The reasons for using MPEG1 for the timelapse feature are that the video must be possible to play after having been interrupted, Motion must be able to continue recording to an existing video file and timelapse recoding must be possible to pause and resume. These requirements cannot be met with MPEG4.

What's the Problem?

The problem is as follows: If we want to keep up with the evolution of FFmpeg, we have to accept the fact that the hack for supporting non-standard MPEG1 framerates disappears. If not, then we're fine. Thus, there are two possible ways out:

  1. Stick to FFmpeg 0.4.8. If this is the right way, then we should make the configure script warn if the FFmpeg version is too high.
  2. Adapt Motion to FFmpeg 0.4.9+. This way requires the following:
    • Since timelapse runs at a near-standard framerate, we can keep MPEG1 for the timelapse feature.
    • Drop the support for MPEG1 in the configuration file. In other words, only allow MPEG4 and MSMPEG4.

In case of (2), the question is if people are willing to abandon MPEG1 for normal videos.

Conclusions

It's possible to go in two different directions. Which one do you think is the right one?

-- PerJonsson - 08 Nov 2004

Comments and Discussion

I will support a solution where we:
  • Continue to support MPEG1 for the motion generated mpegs for ffmpeg-0.4.8
  • Discontinue support of MPEG1 for ffmpeg-0.4.9+
  • Continue timelapse support only in MPEG1 for both 0.4.8 and 0.4.9+
  • Maybe add additional codecs supported given that they support low framerates also.

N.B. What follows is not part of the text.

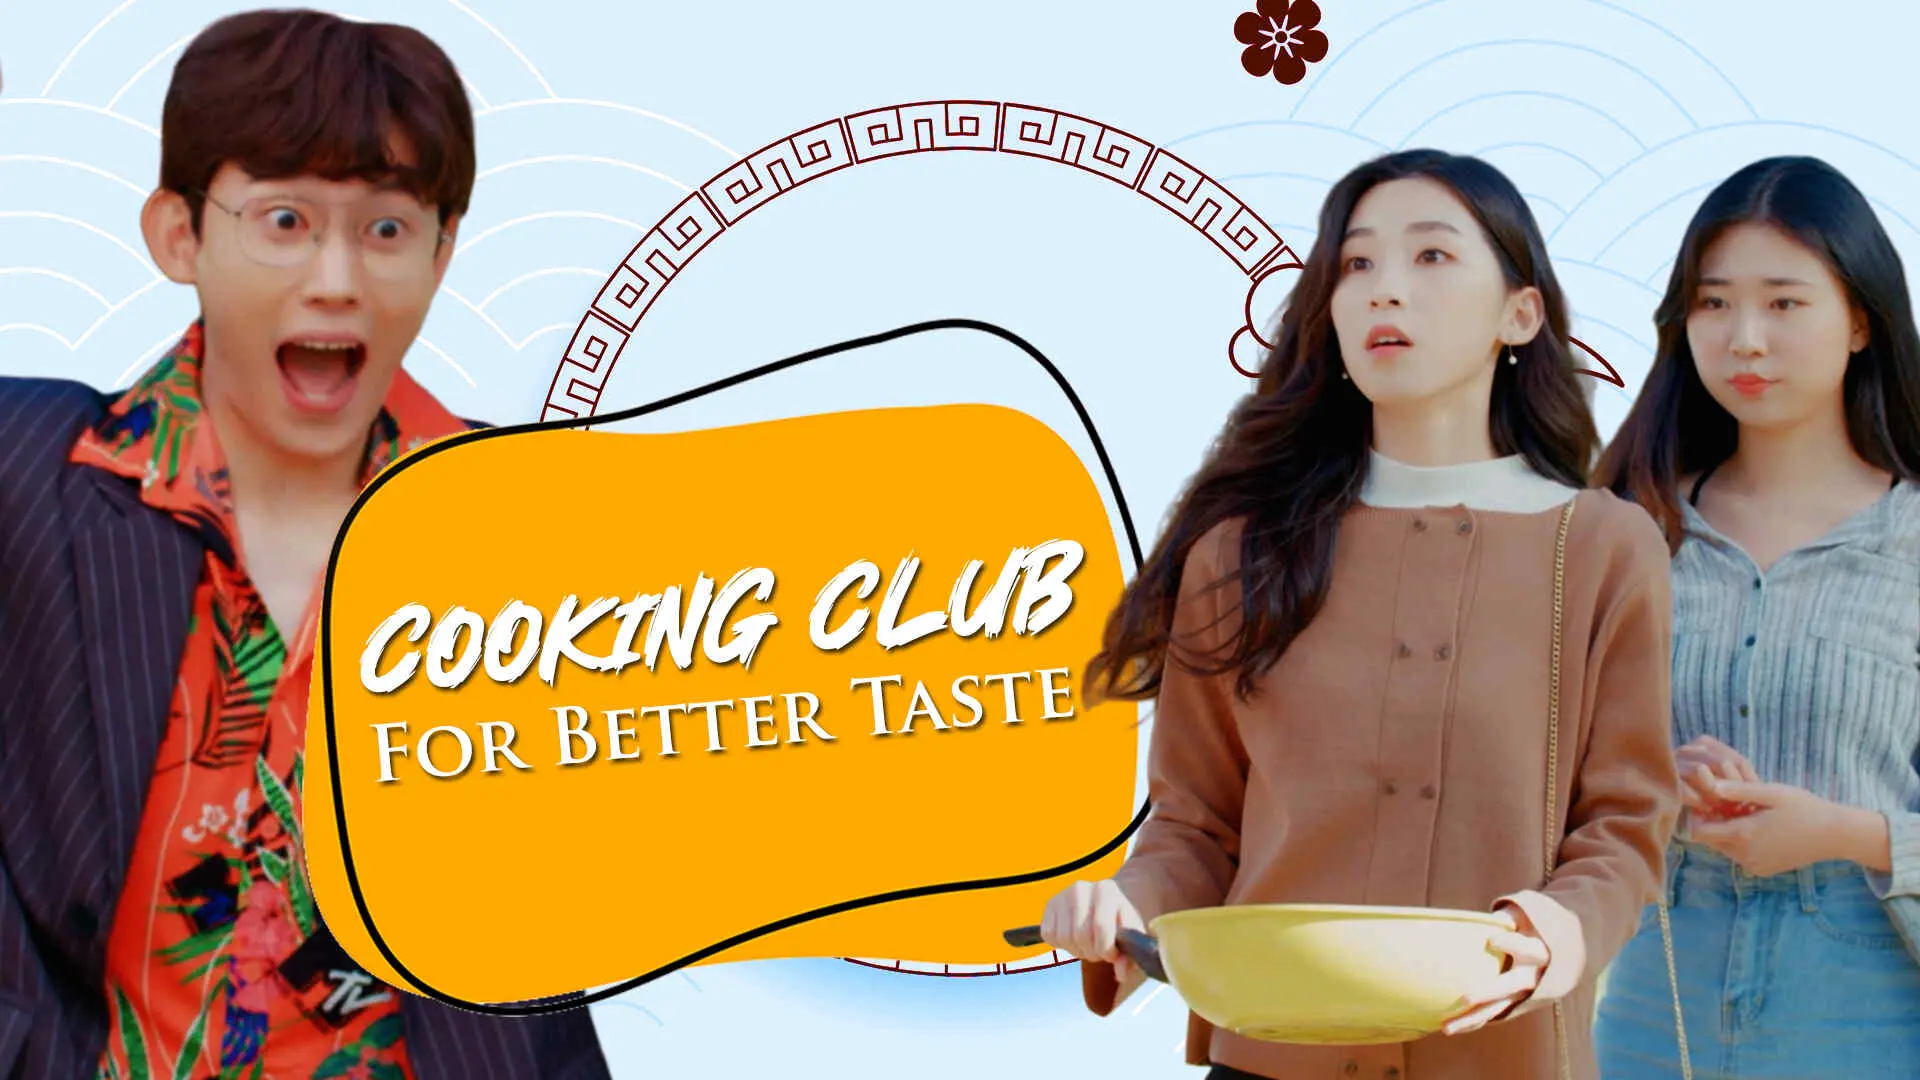 Cooking Club For Better Taste

I do not want Motion to get stuck on an old ffmpeg version. On the other hand I do not want Motion users that currently uses mpeg1 - maybe for professionel surveillance solutions - to be in a situation where they cannot upgrade Motion any longer. They should be able to upgrade Motion but stay with the ffmpeg-0.4.8 and do MPEG1. This may not be supported forever but at least 6-12 months more. And it does not cost anything. We just leave the old code there and add the new ffmpeg-0.4.9+ related code inside #ifdef statements.

As always I would love to hear user feedback on this plan. I always listen and consider any good feedback and proposals.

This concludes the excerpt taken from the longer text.